+++ AVAILABLE DATA +++
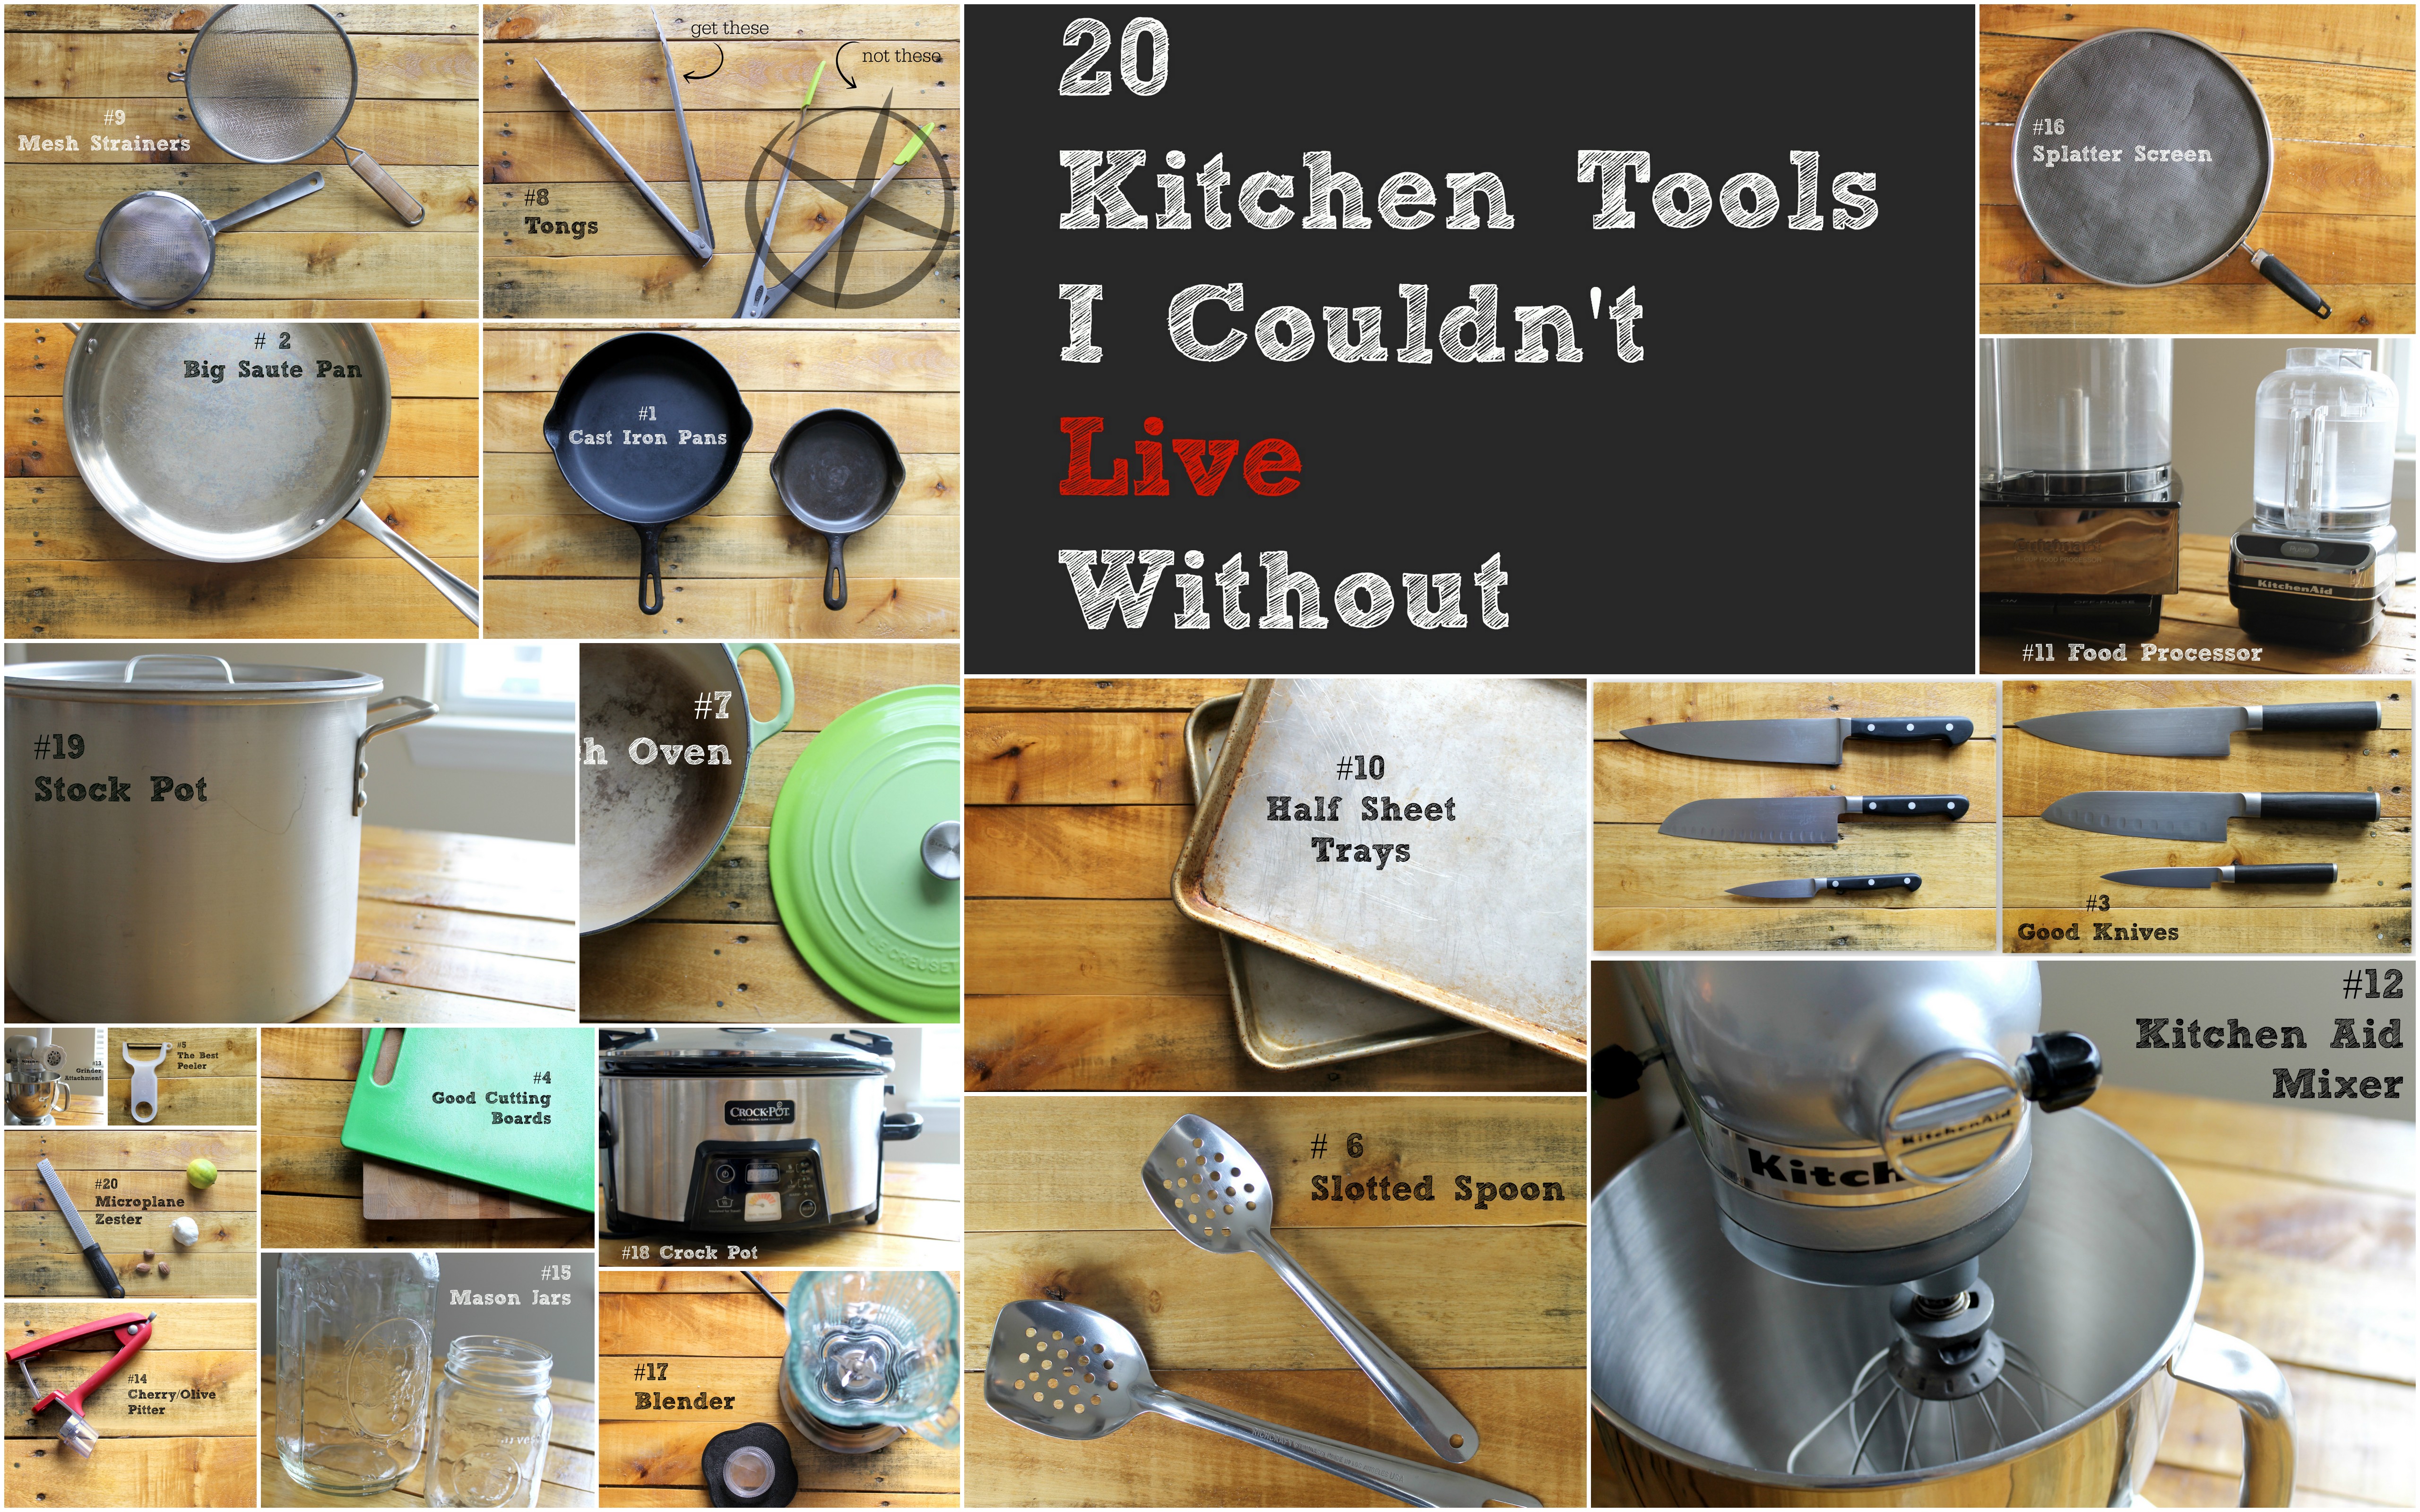 https://realeverything.com/wp-content/uploads/20-Kitchen-Tools-I-Couldnt-Live-Without.jpg
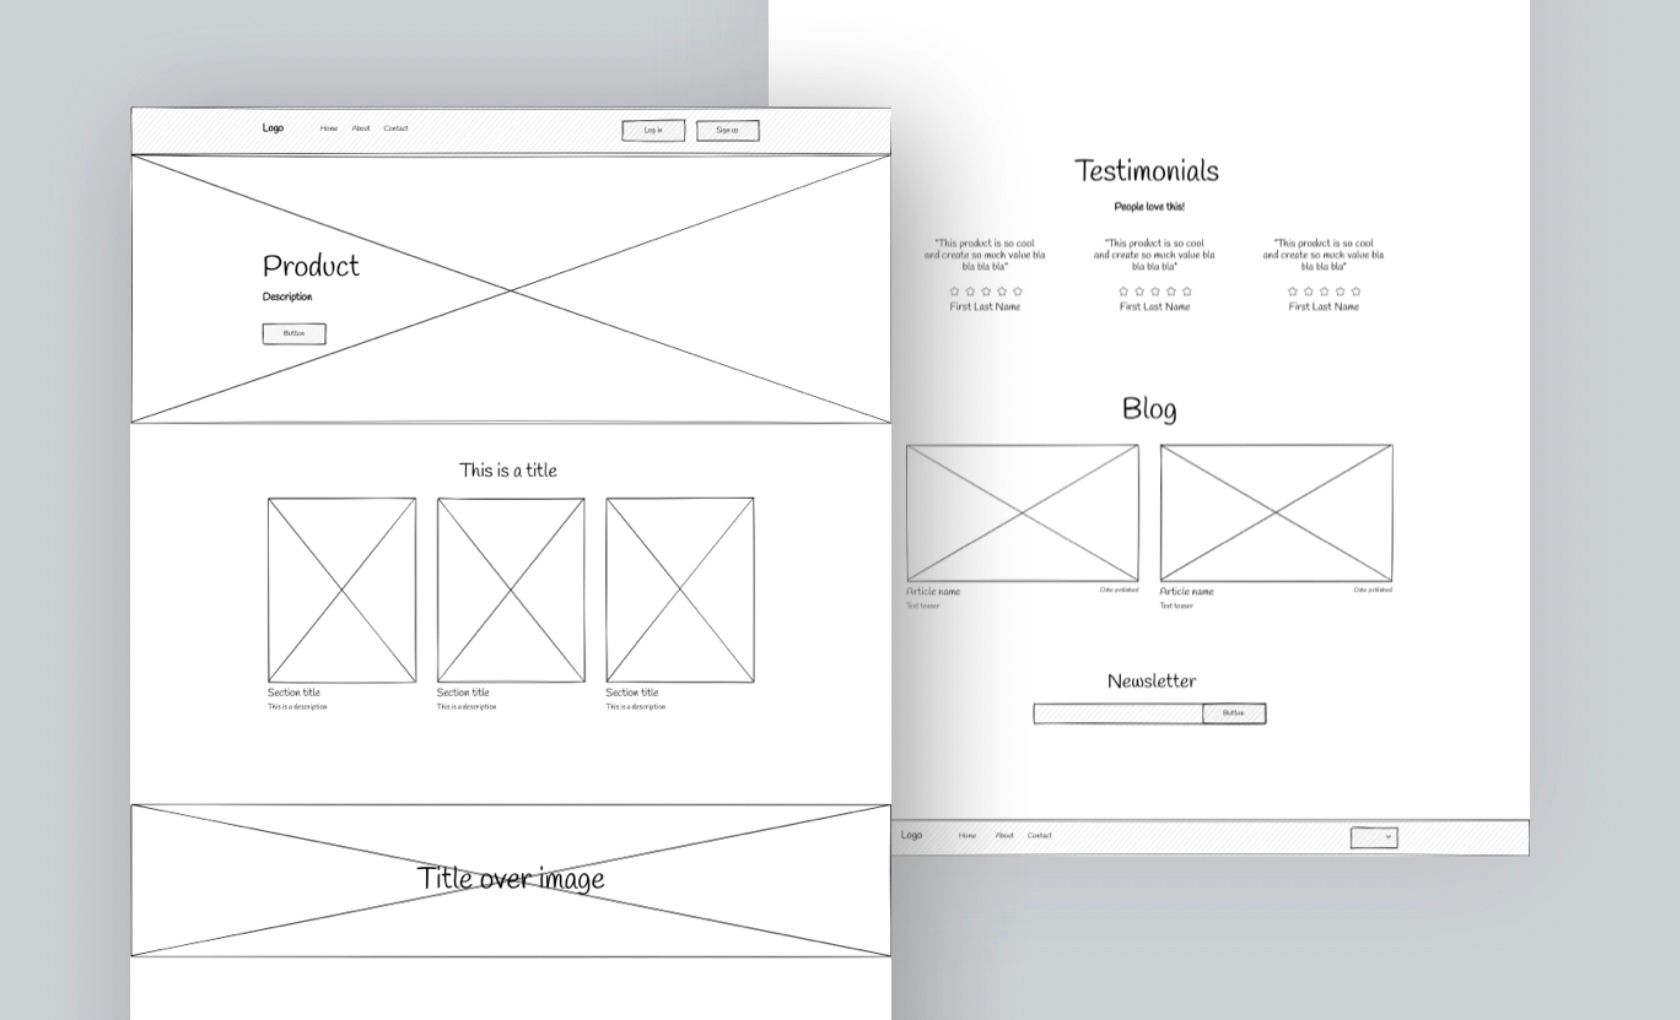 Low-fidelity sketches are often hand drawn, and you shouldn’t sweat your drawing skills. Keep it simple, just like this website wireframe template in Uizard!
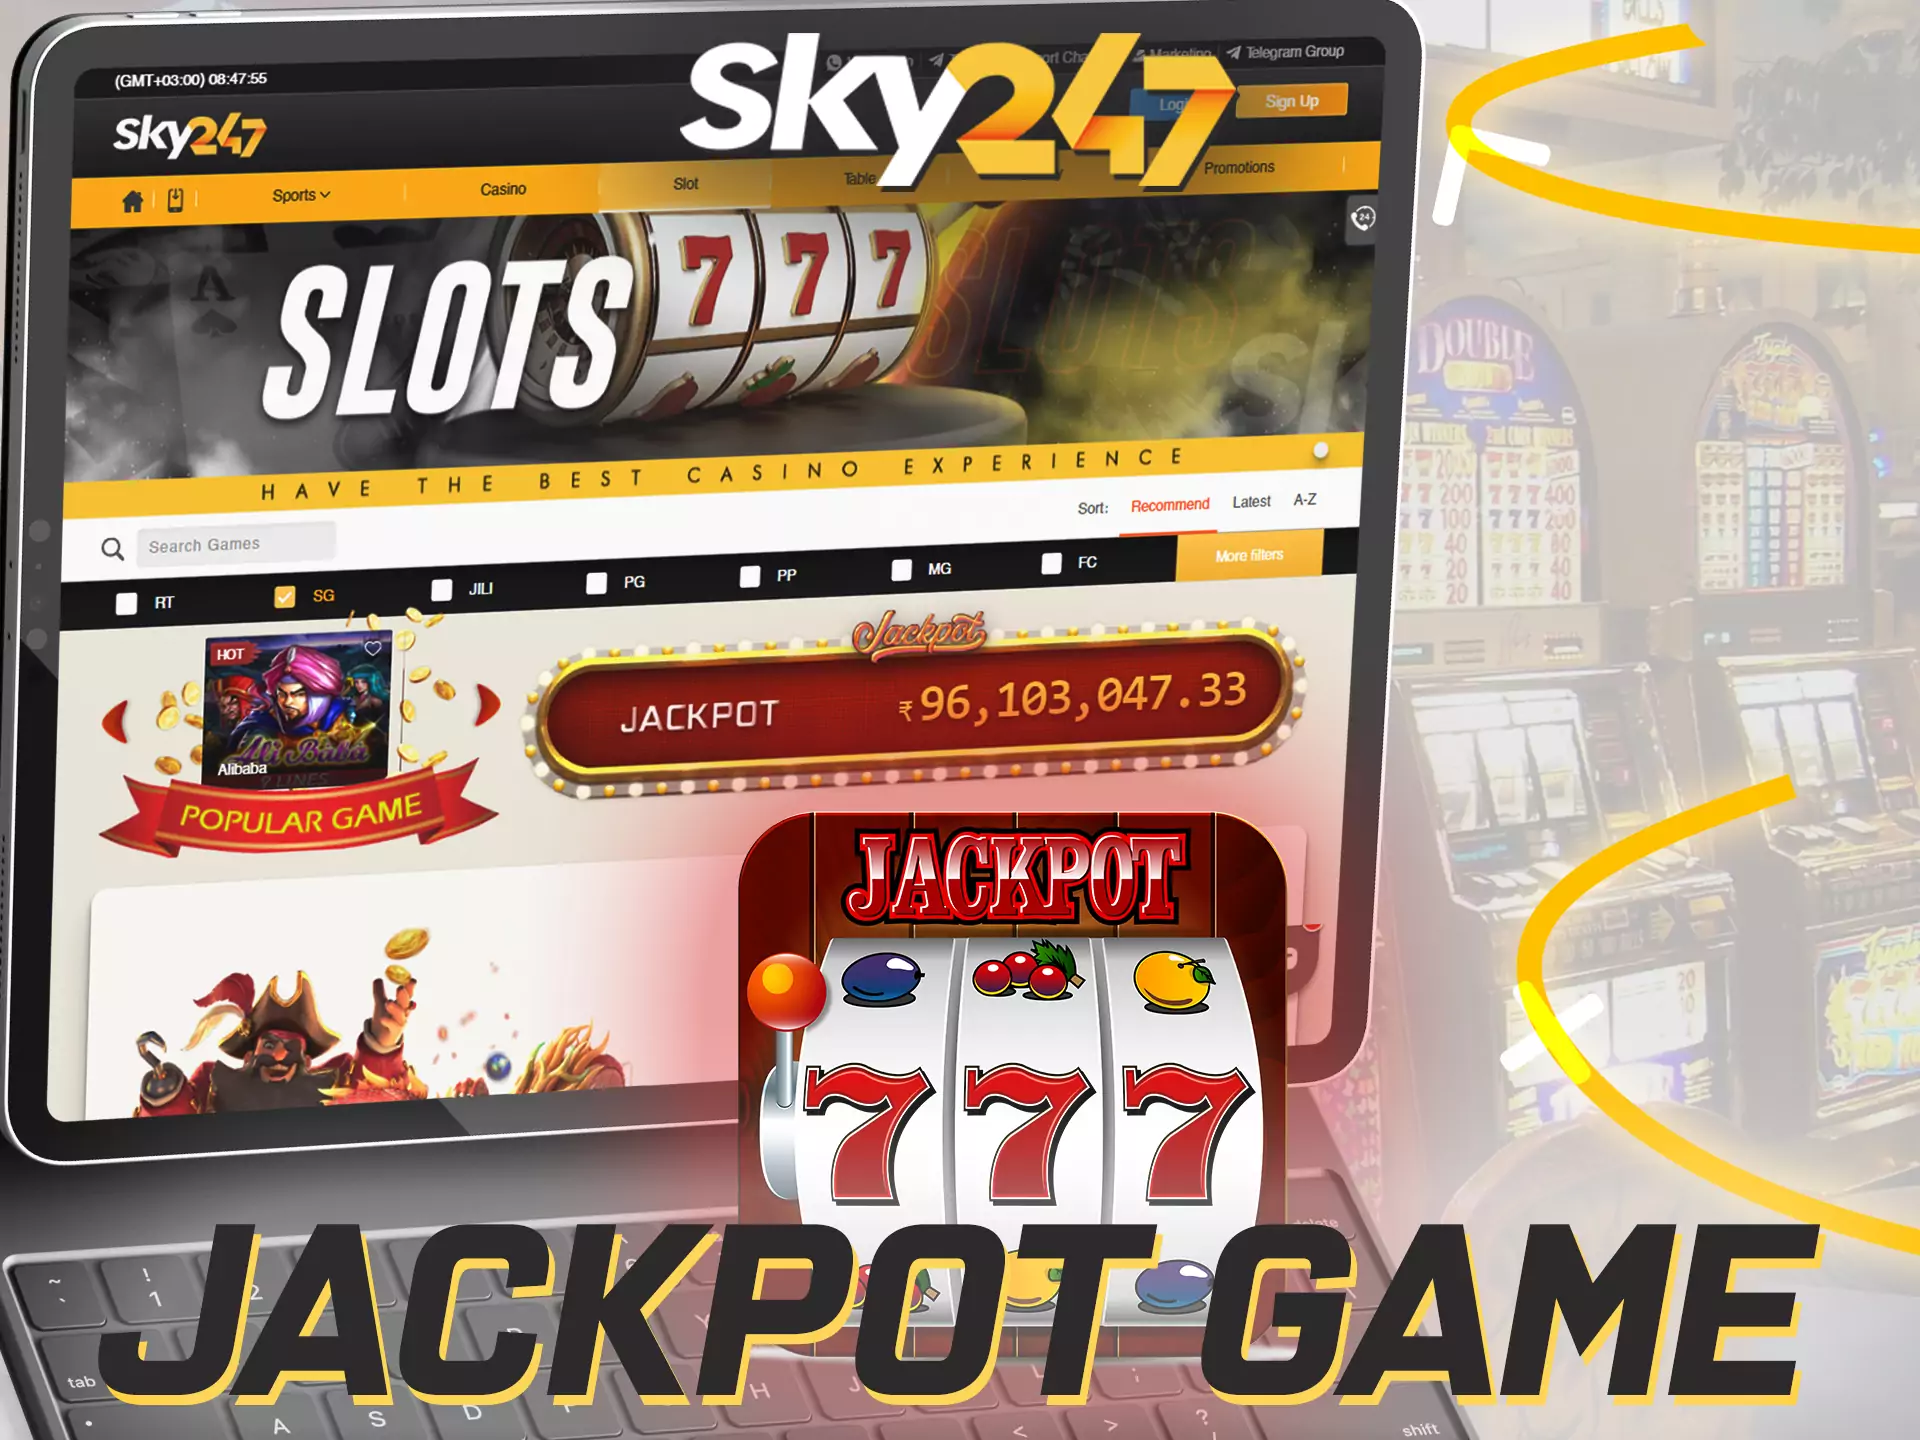 Play a jackpot game and win a fortune on Sky247.
+++
- _WHAT THE TASK ASKS_: No pictures belong in the copy. Retype exactly, and only, the lines from the line containing "Low-fidelity sketches are" through the last line of the data, both included.

- _RESPONSE AREA_:
 Low-fidelity sketches are often hand drawn, and you shouldn’t sweat your drawing skills. Keep it simple, just like this website wireframe template in Uizard!
 Play a jackpot game and win a fortune on Sky247.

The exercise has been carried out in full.